- TO DO:
Line by line, transcribe the data below exactly and pass over the images.

- SOURCE DATA:

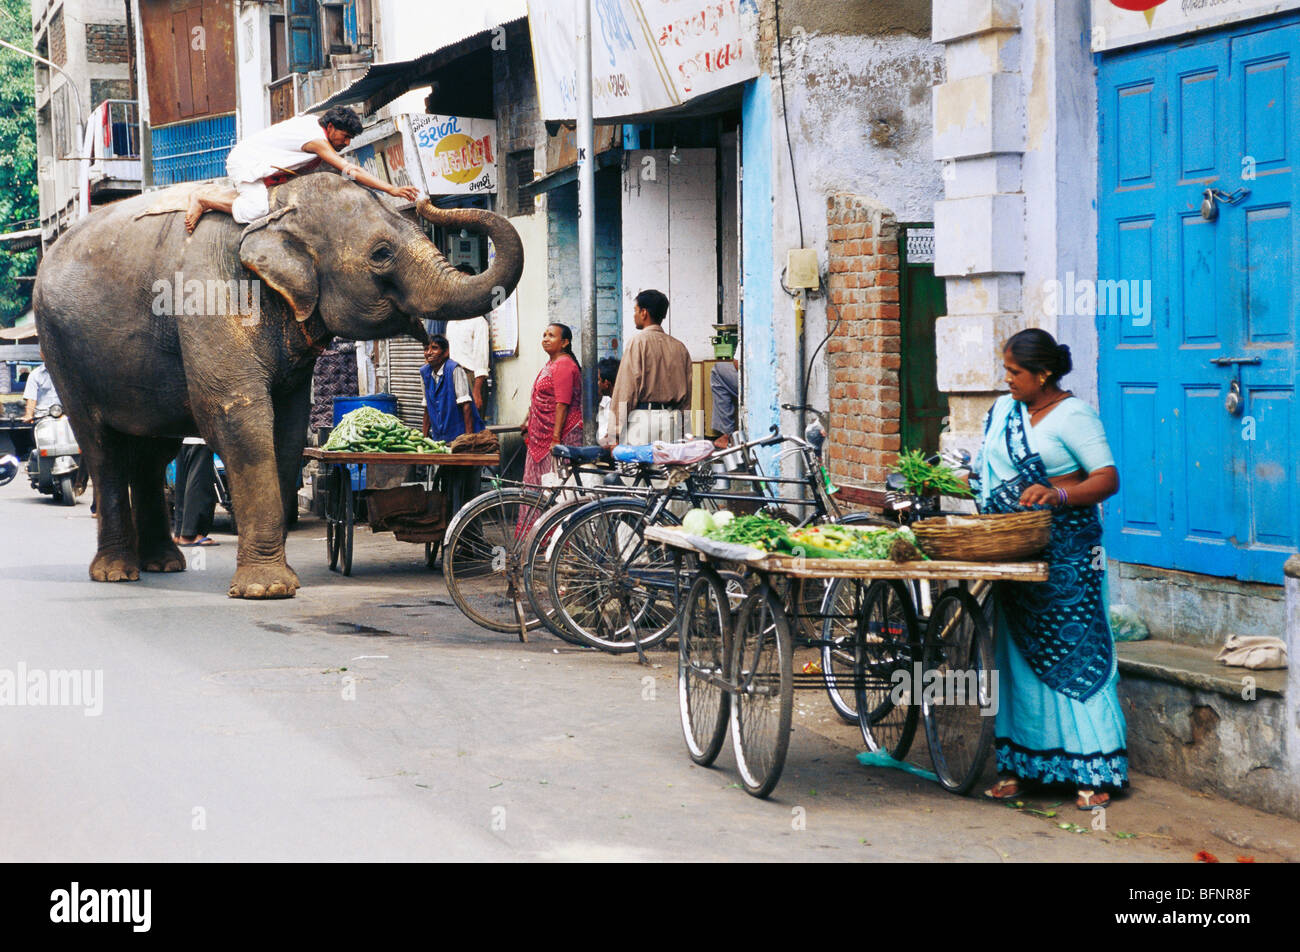 Elefant bettelt Almosensammelei auf der Straße; Ahmedabad; Gujarat; Indien; asien Stockfoto
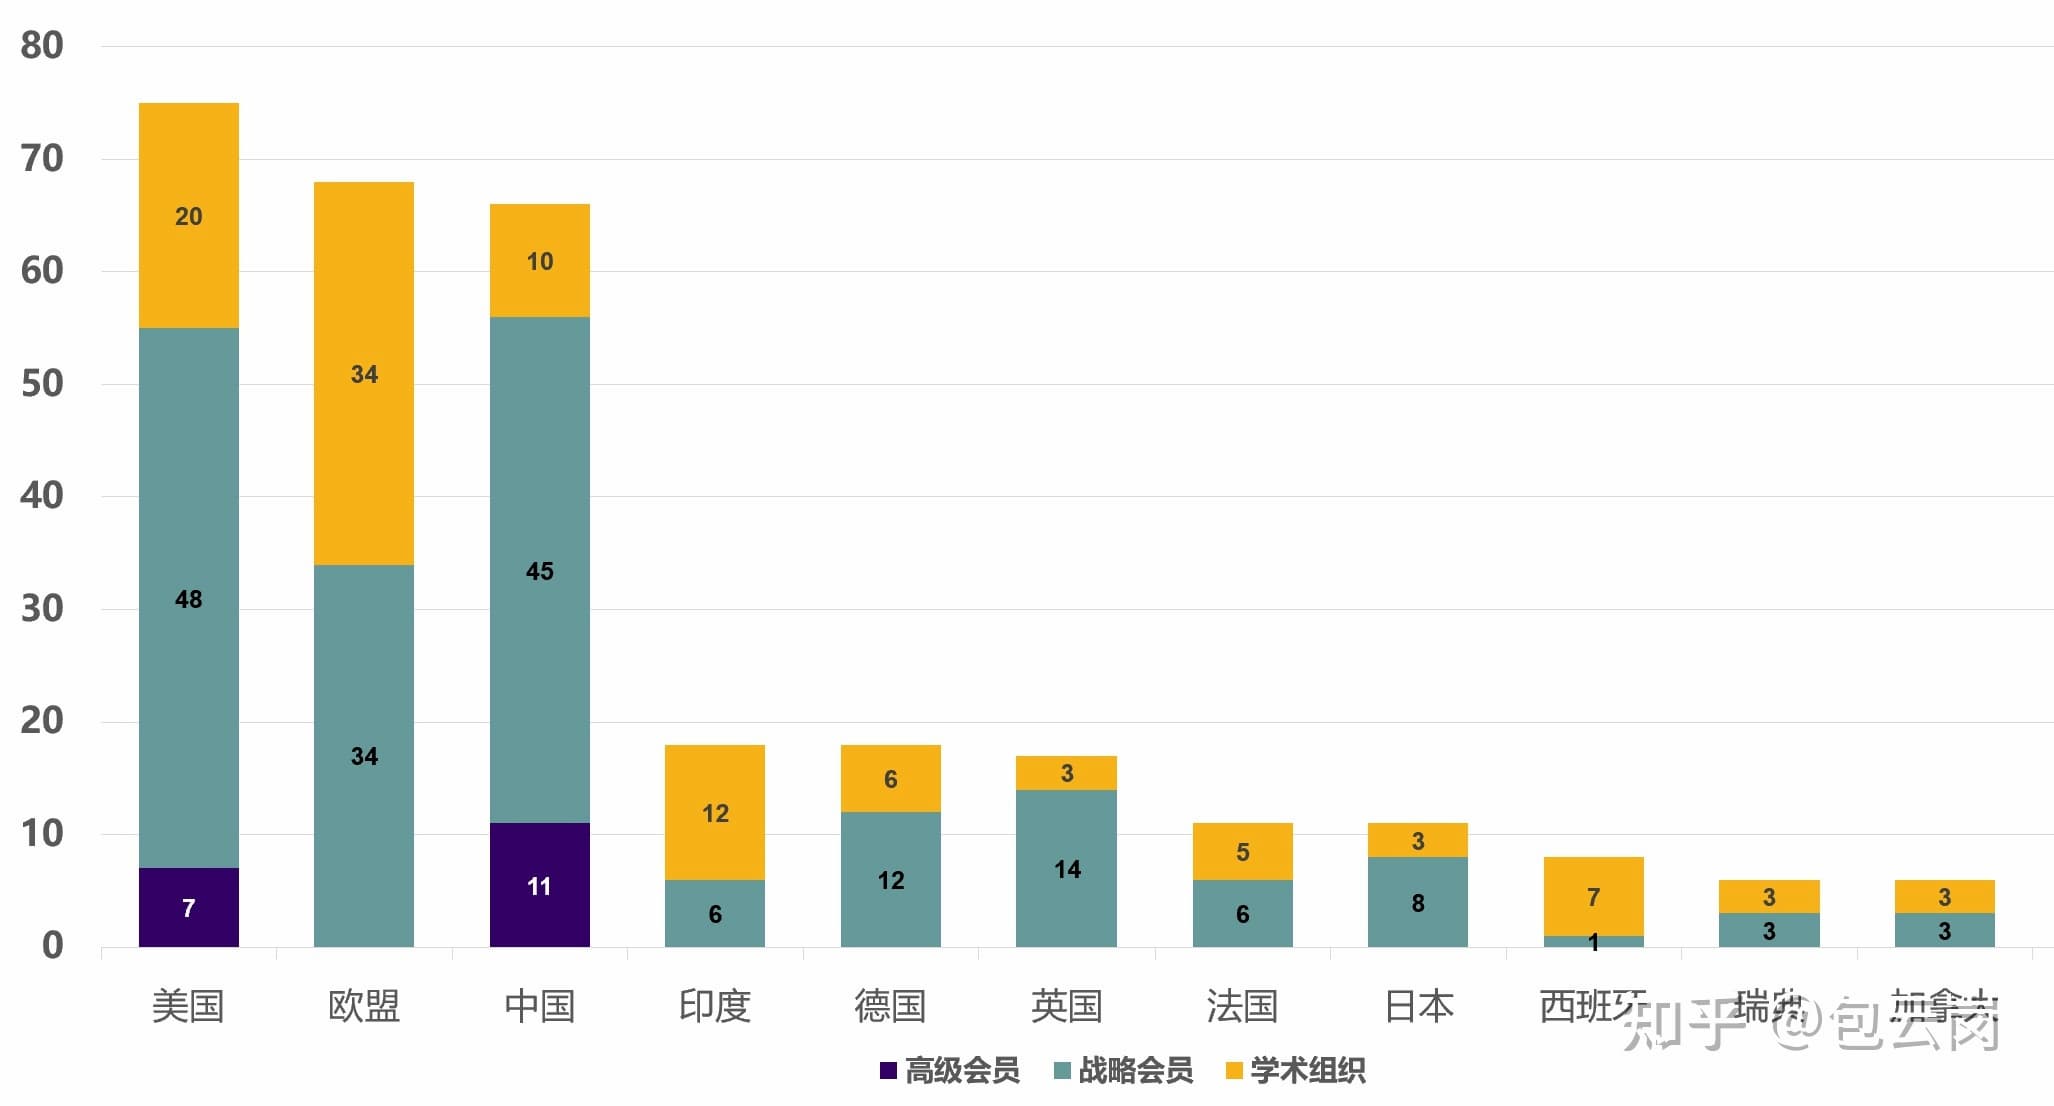 国別のRISC-Vの会員数。濃い青がプレミアム怪異を示し中国が一番多い。Bao Yungang（包云岗）の知呼より。https://www.zhihu.com/question/537501900/answer/2536052245
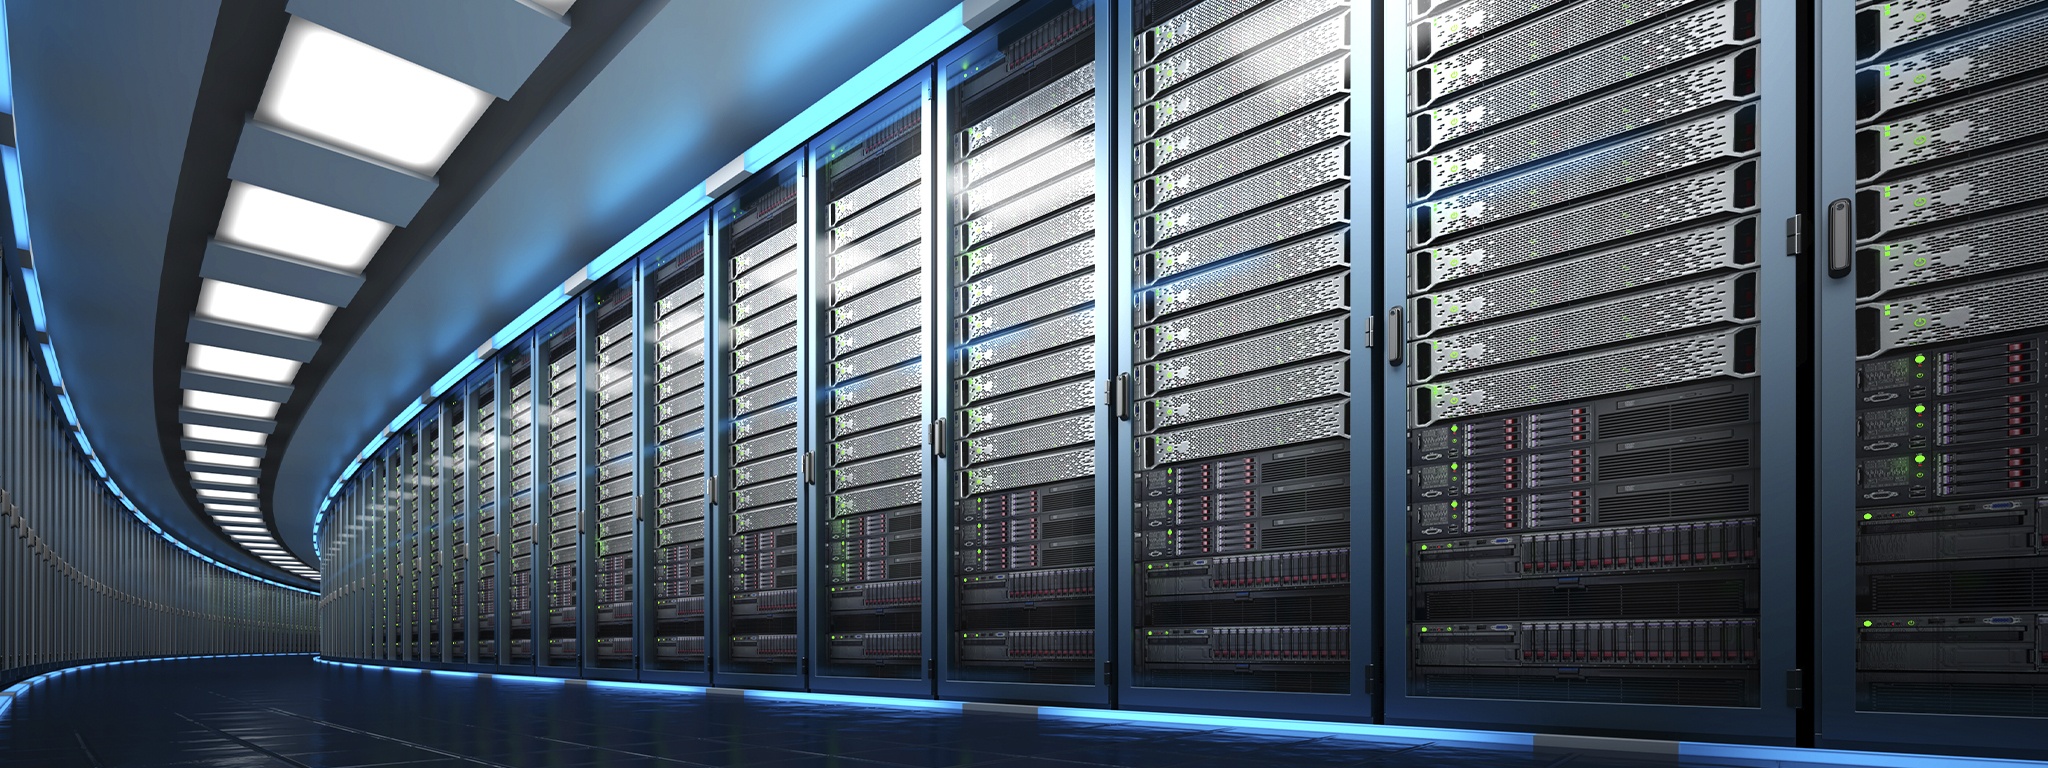 Трехмерное изображение центра обработки данных, показывающее большую серверную комнату с длинной линией серверных стоек
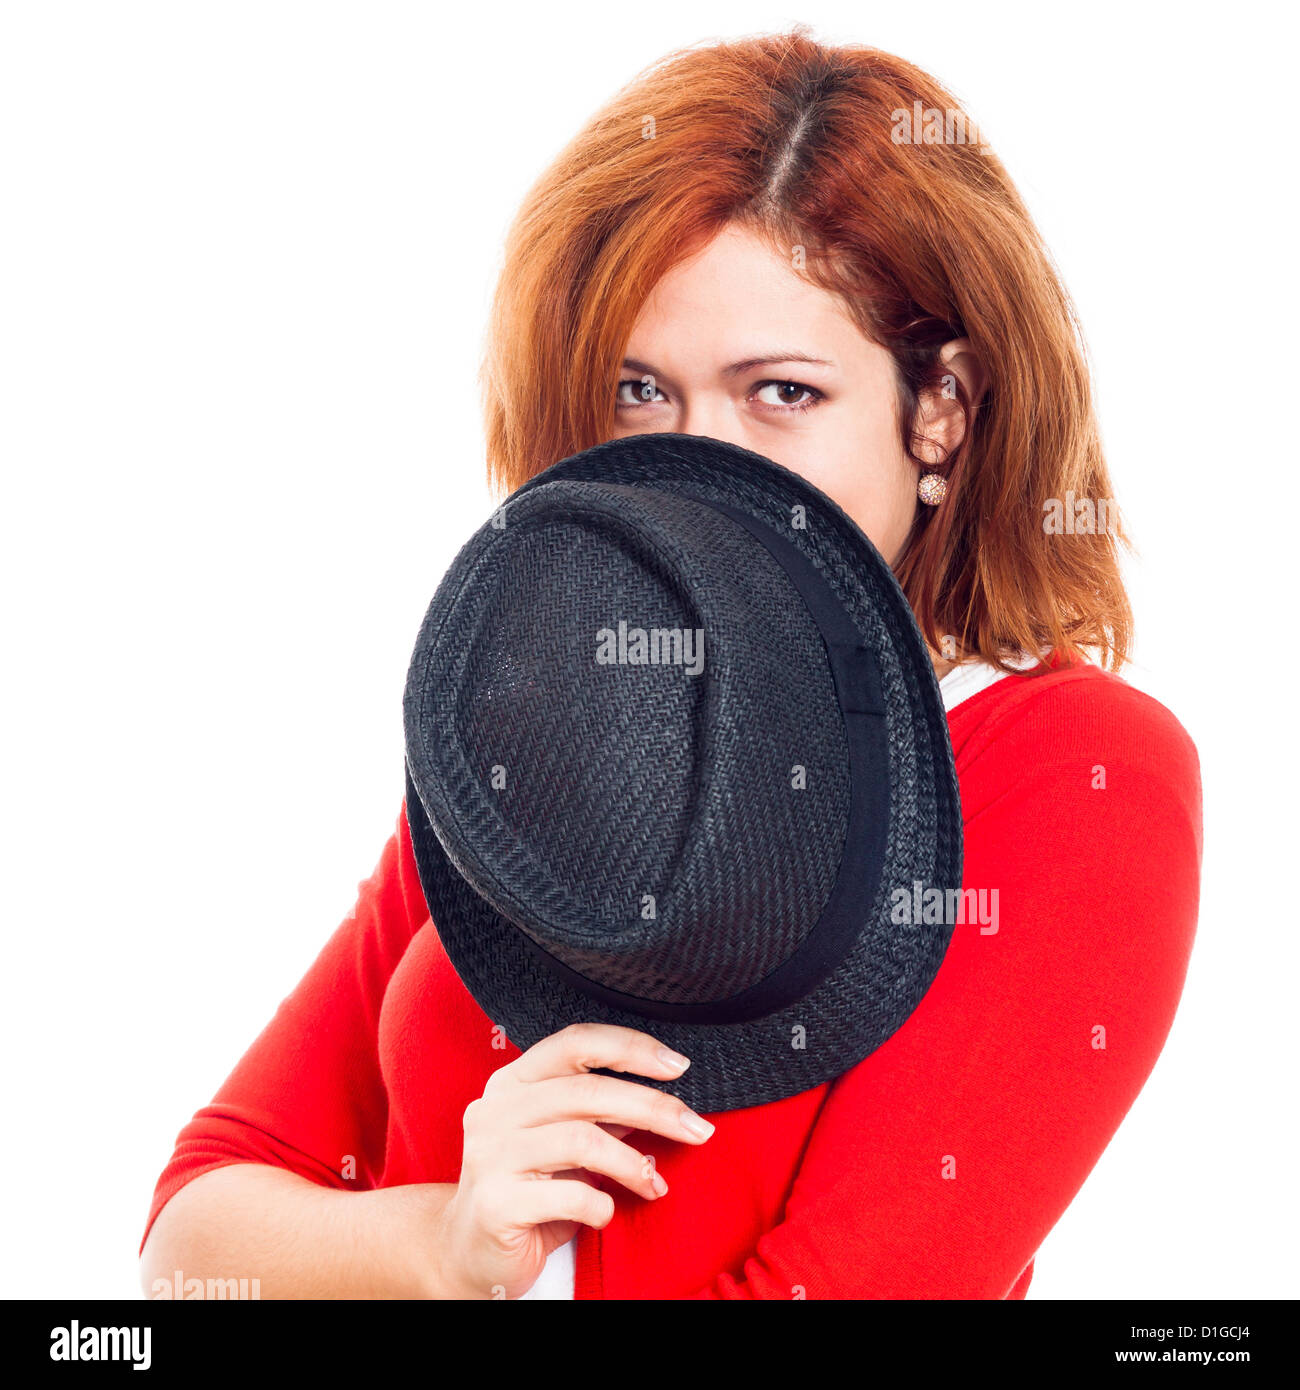 Giovane donna segreti nasconde la faccia dietro hat, isolato su sfondo bianco. Foto Stock

- RESULT BELOW:
 Elefant bettelt Almosensammelei auf der Straße; Ahmedabad; Gujarat; Indien; asien Stockfoto
 国別のRISC-Vの会員数。濃い青がプレミアム怪異を示し中国が一番多い。Bao Yungang（包云岗）の知呼より。https://www.zhihu.com/question/537501900/answer/2536052245
 Трехмерное изображение центра обработки данных, показывающее большую серверную комнату с длинной линией серверных стоек
 Giovane donna segreti nasconde la faccia dietro hat, isolato su sfondo bianco. Foto Stock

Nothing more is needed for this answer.